Demand continues for commodities and the rush to acquire the world’s natural resources is giving emerging markets and international stock indexes steady growth.
Chile's Ipsa (Indice de Precios Selectivo de Acciones) exchange which lists 40 of the country’s own blue-chip stocks, closed higher last week, an upturn brought on by higher international commodity prices. The past six months have seen the Ipsa rise 33% and nearly 800 points from 2,400 to a high over 3,200. On Friday, the Ipsa closed at 3,104.43. A complete data sheet on Chile’s economy can be viewed at this page www.emerginvest.com/WorldStockMarkets/Chile/Country_Facts.html.
The Ipsa is made up of 40 of Chile’s stocks with the highest average annual trading volume in the Santiago Stock Exchange (Bolsa de Comercio de Santiago). Last week’s strong close is a clear indication that the Ipsa is a market to watch and could produce nice short-term returns for active investors. You can watch the Ipsa on Bloomberg’s website by clicking this link - http://www.bloomberg.com/apps/cbuilder?ticker1=IPSA%3AIND.
It’s no surprise that the Ipsa has been Latin America’s best performing exchange for nearly two years now. 2008 was particularly harsh on Latin America. Chile was the best performing market and that only meant the Ipsa had the smallest decline at just over 20%.
With Brazil on the side of South America, commodities make up almost half of its Brazil exchange. The Bovespa experienced a record 40% decline in 2008, in comparison to the MSCI Emerging Market Index which dropped over 50% as high risk investing was frowned upon after the collapse last fall.

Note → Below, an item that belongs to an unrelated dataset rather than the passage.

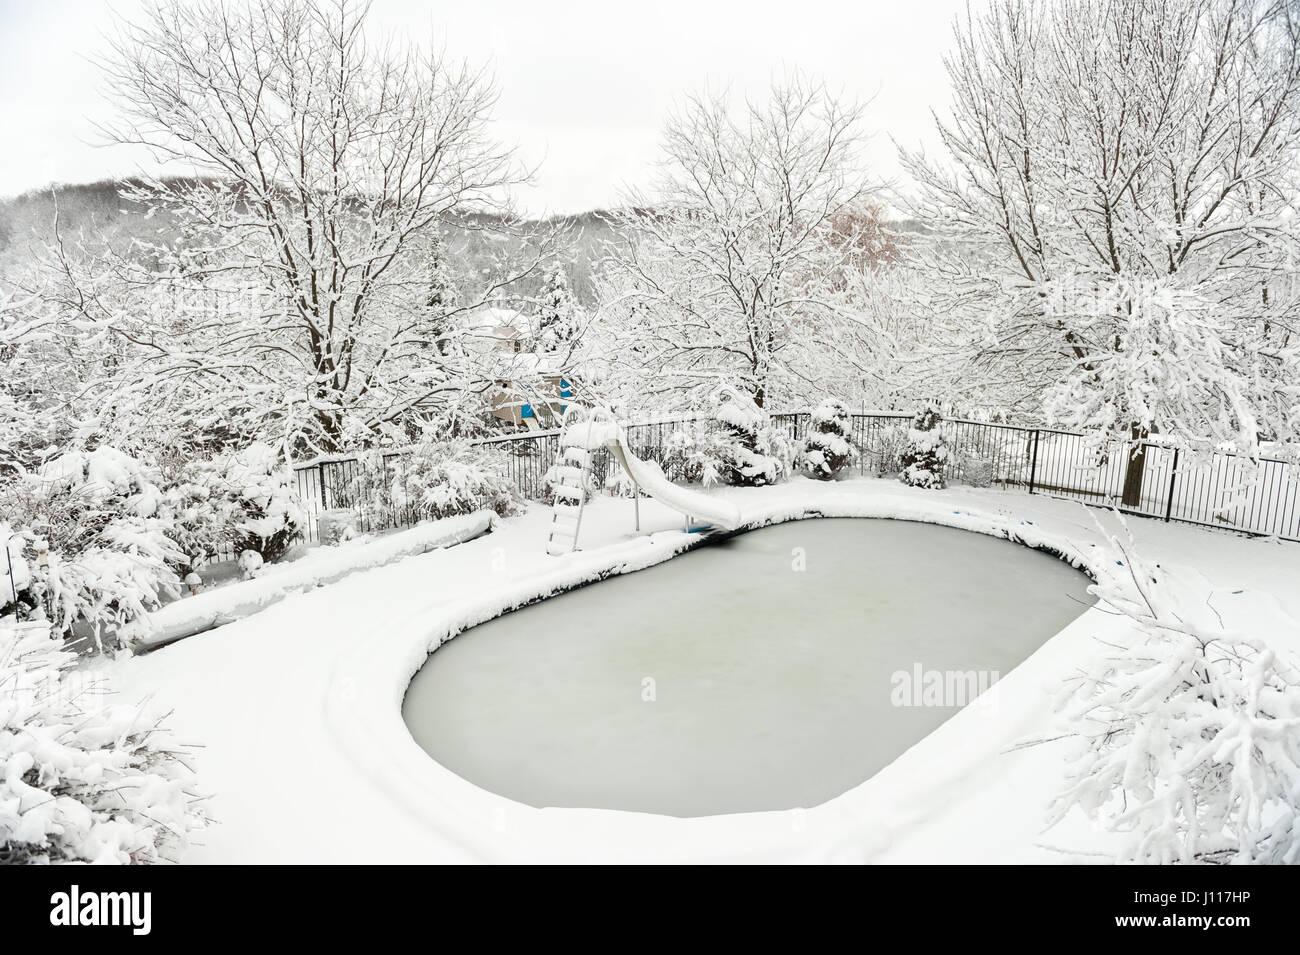 Hinterhof Pool Im Winter Nach Schweren Schneefall Sturm

The Ipsa Index is focused on energy stocks instead of commodities like Brazil’s Bovespa Index. For this reason, the recent growth in the Ipsa may indicate Chile’s insulation from the market forces facing other exchanges throughout Latin America, another reason to take advantage of Chile’s growth. Even if a global recession continues in the short-term, Chile may perform much better in a prolonged downturn than most emerging market indexes.
The Inter-10 is comprised of 10 principal Chilean stocks that are traded in foreign exchanges which possess a high traded volume in the local Chilean market. The Inter-10 are also members of Chile’s Ipsa market. This month, the Inter-10 hit reached it’s all-time high. To track the Inter-10 on Bloomberg use this link - http://www.bloomberg.com/apps/cbuilder?ticker1=INTER10%3AIND.
Chile is still known for vast metal deposits, huge offshore fisheries, and agriculture production. The Ipsa index is expected to continue to overpower other indexes in the region as President Michelle Bachelet has expressed plans to begin using $22 billion in cash reserves saved over the course of the country’s four-year explosion in its #1 export, copper. China will continue to gobble up Chile’s copper for its own stockpile back home, and this help Chile’s economy to continue to grow for what could be the next two to three years. But the demand for copper will one day diminish. Until then, Chile’s stock markets are one of the few investments which are now red hot.